**Aim of the exercise:**
Would you retype the listing word for word, skipping its pictures?

**Exercise data:**
━━━━━━━━━━━━━━━━

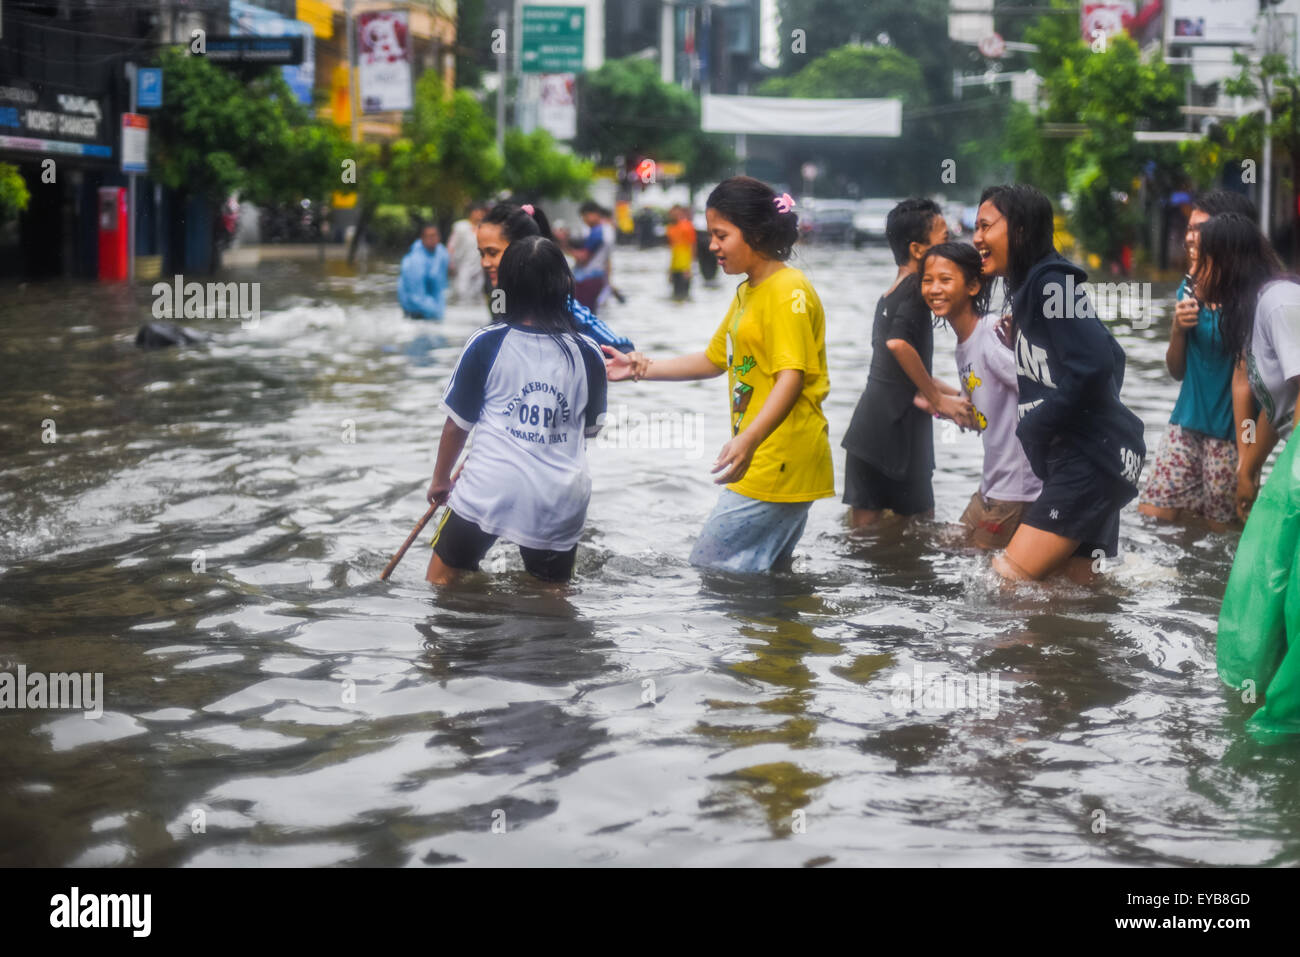 Les adolescents traversant la rue inondée avec excitation. Banque D'Images
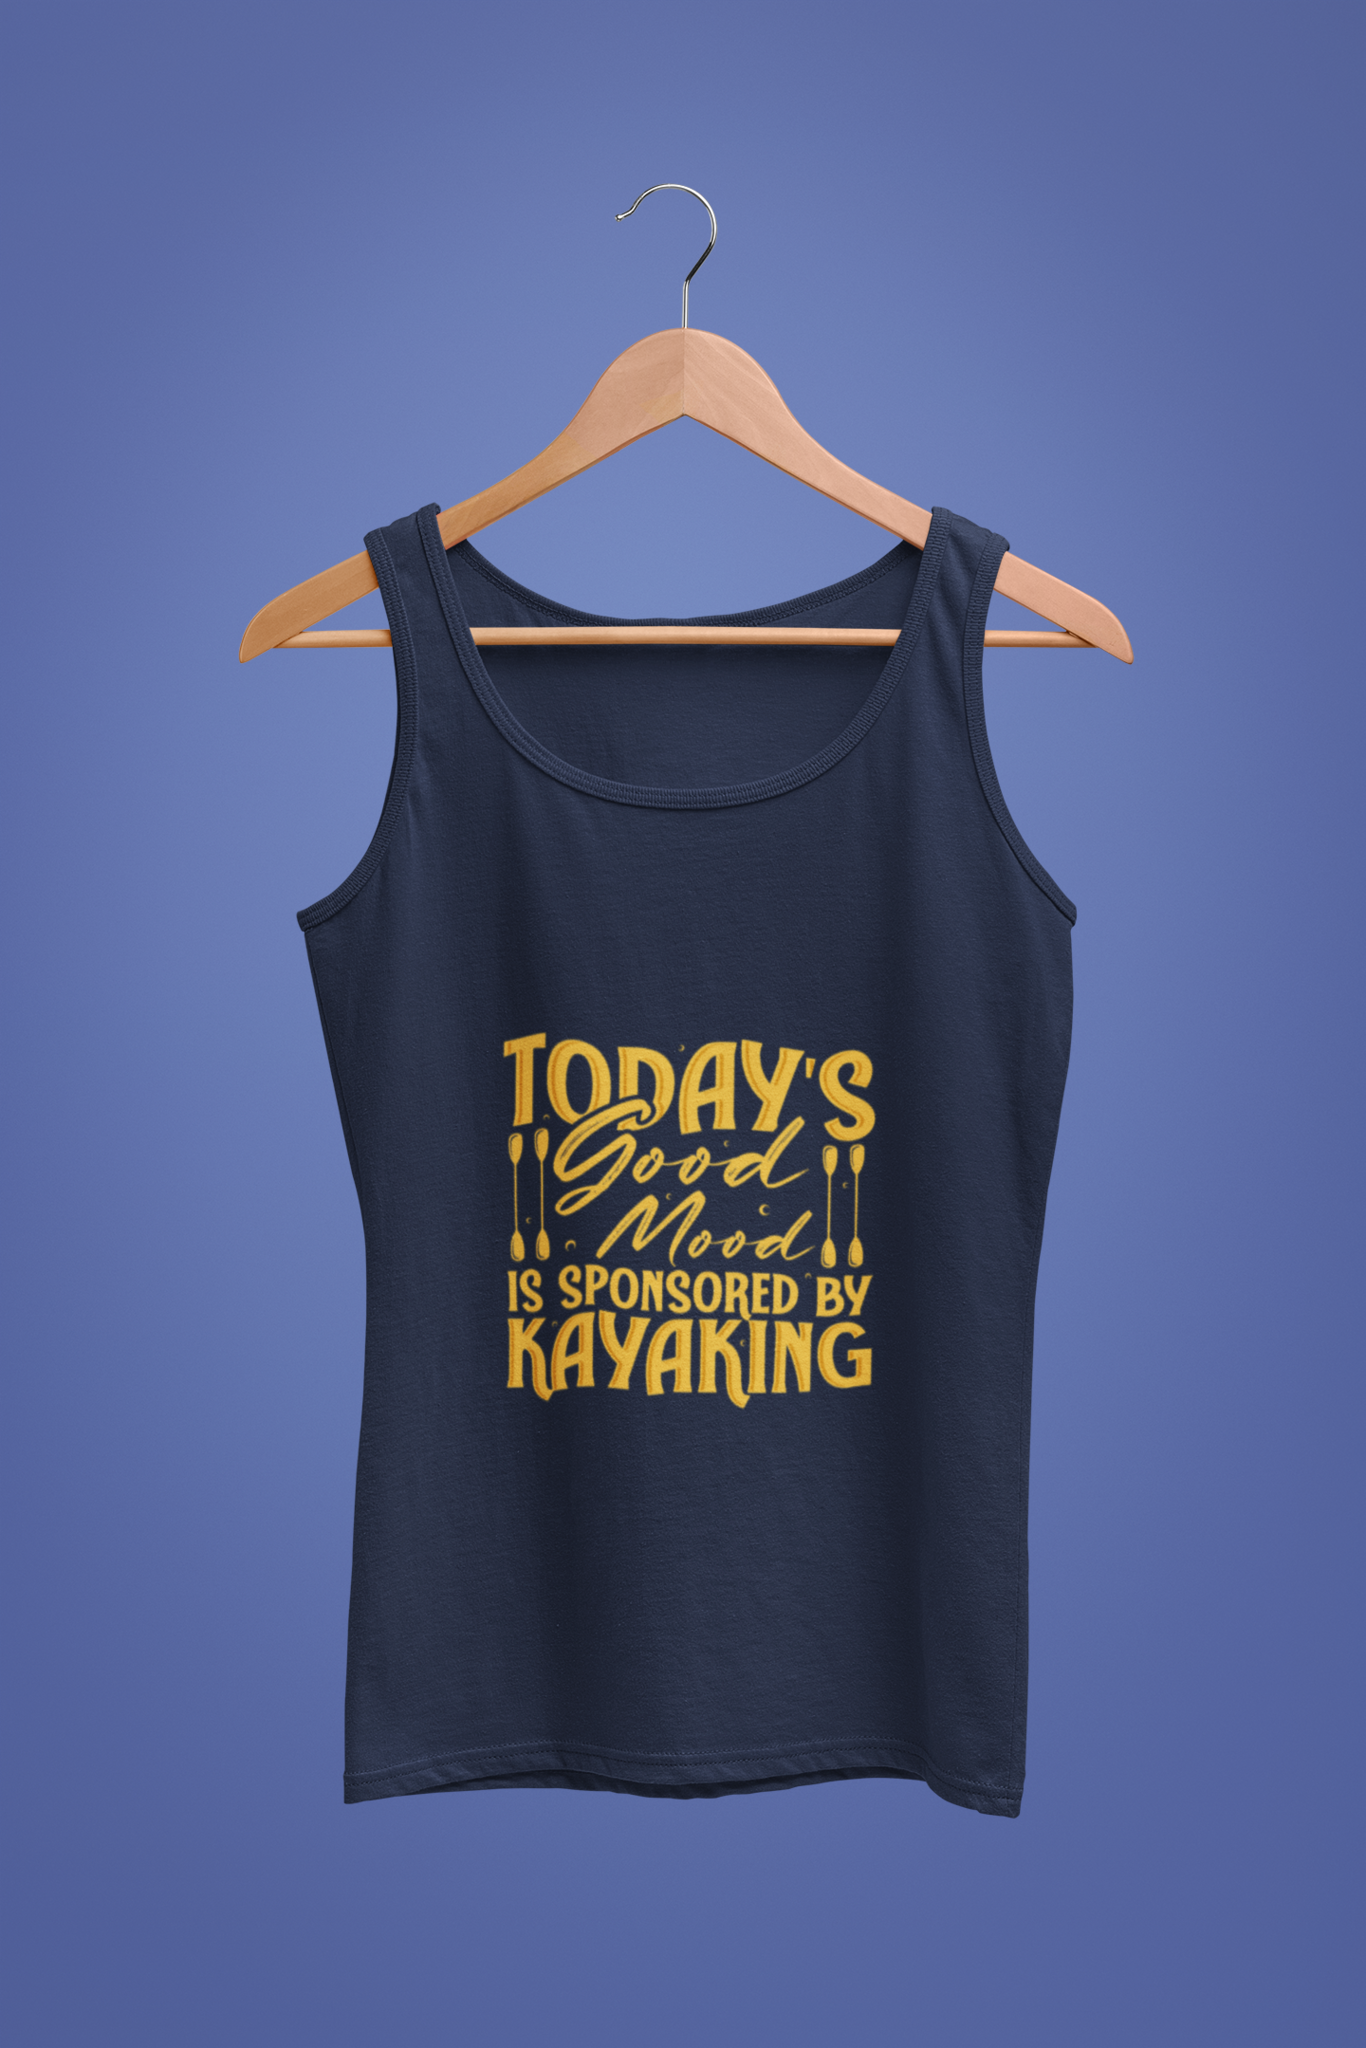 Women's Tank Top: Go Kayaking
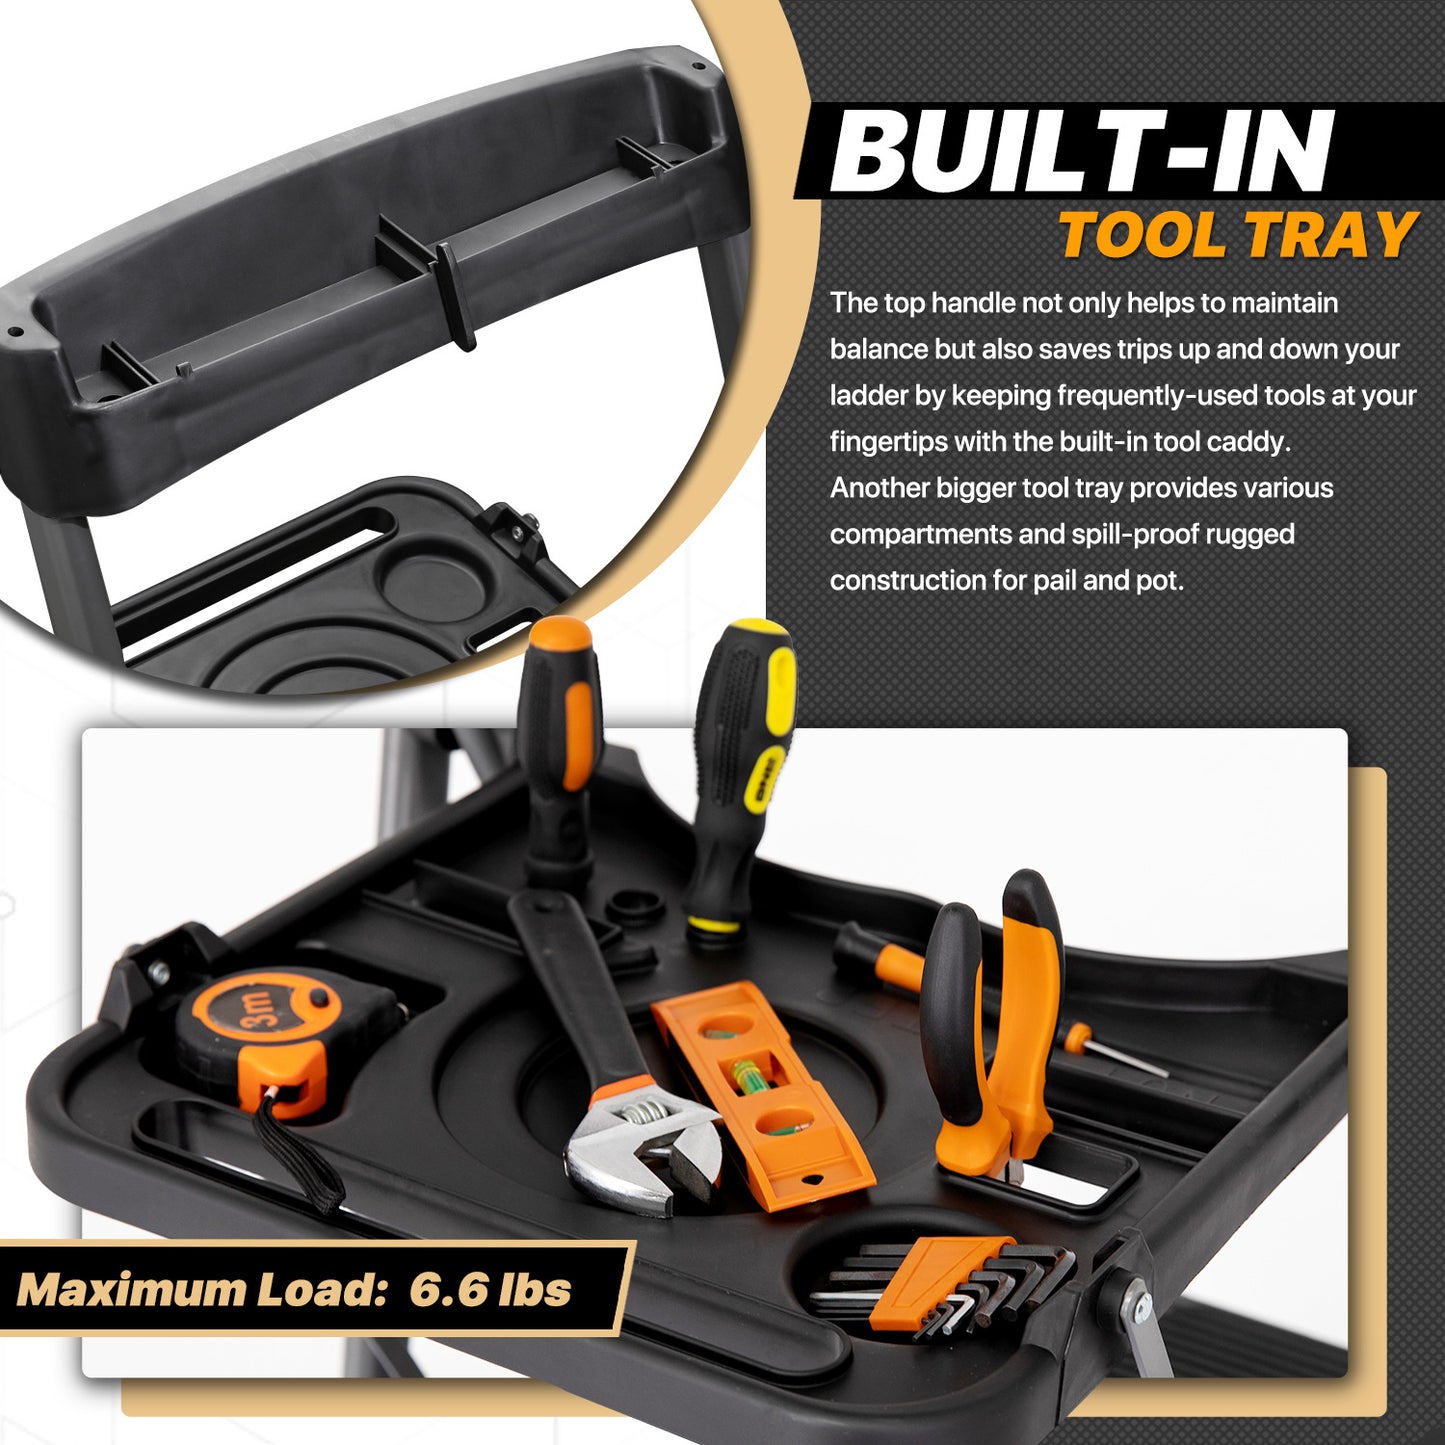 Tool Holder Handle Folding Step Ladder w/Tool Tray - 2 Steps 3.68 ft/44.1", Black
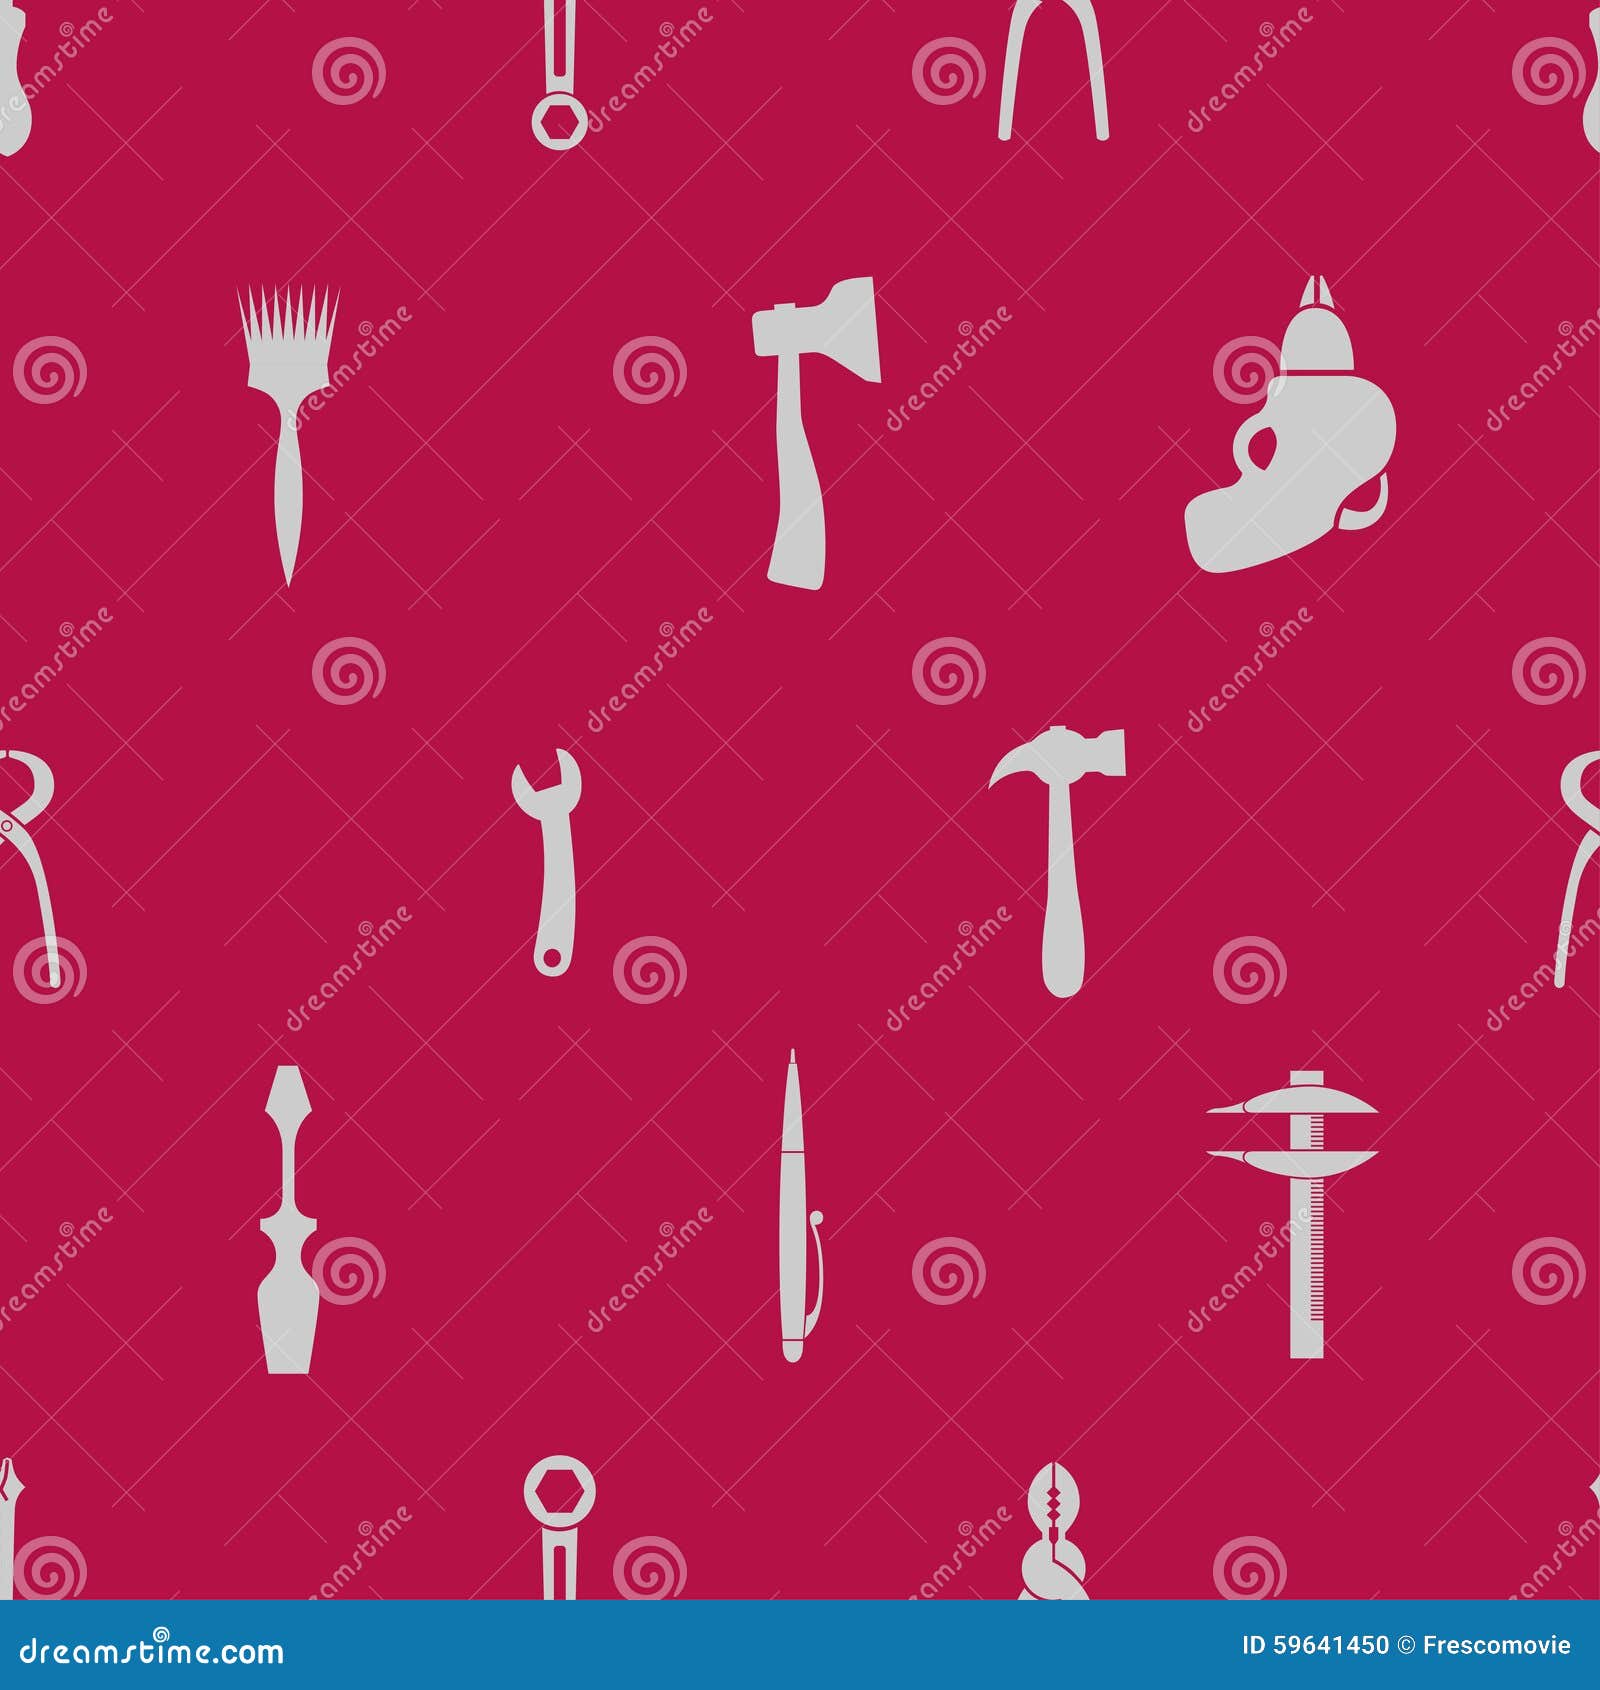 Tools pattern stock vector. Illustration of texture, technology - 59641450

━━━━━━━━━━━━━━━━

**Reply:**
 Les adolescents traversant la rue inondée avec excitation. Banque D'Images
 Women's Tank Top: Go Kayaking
 Tool Holder Handle Folding Step Ladder w/Tool Tray - 2 Steps 3.68 ft/44.1", Black
 Tools pattern stock vector. Illustration of texture, technology - 59641450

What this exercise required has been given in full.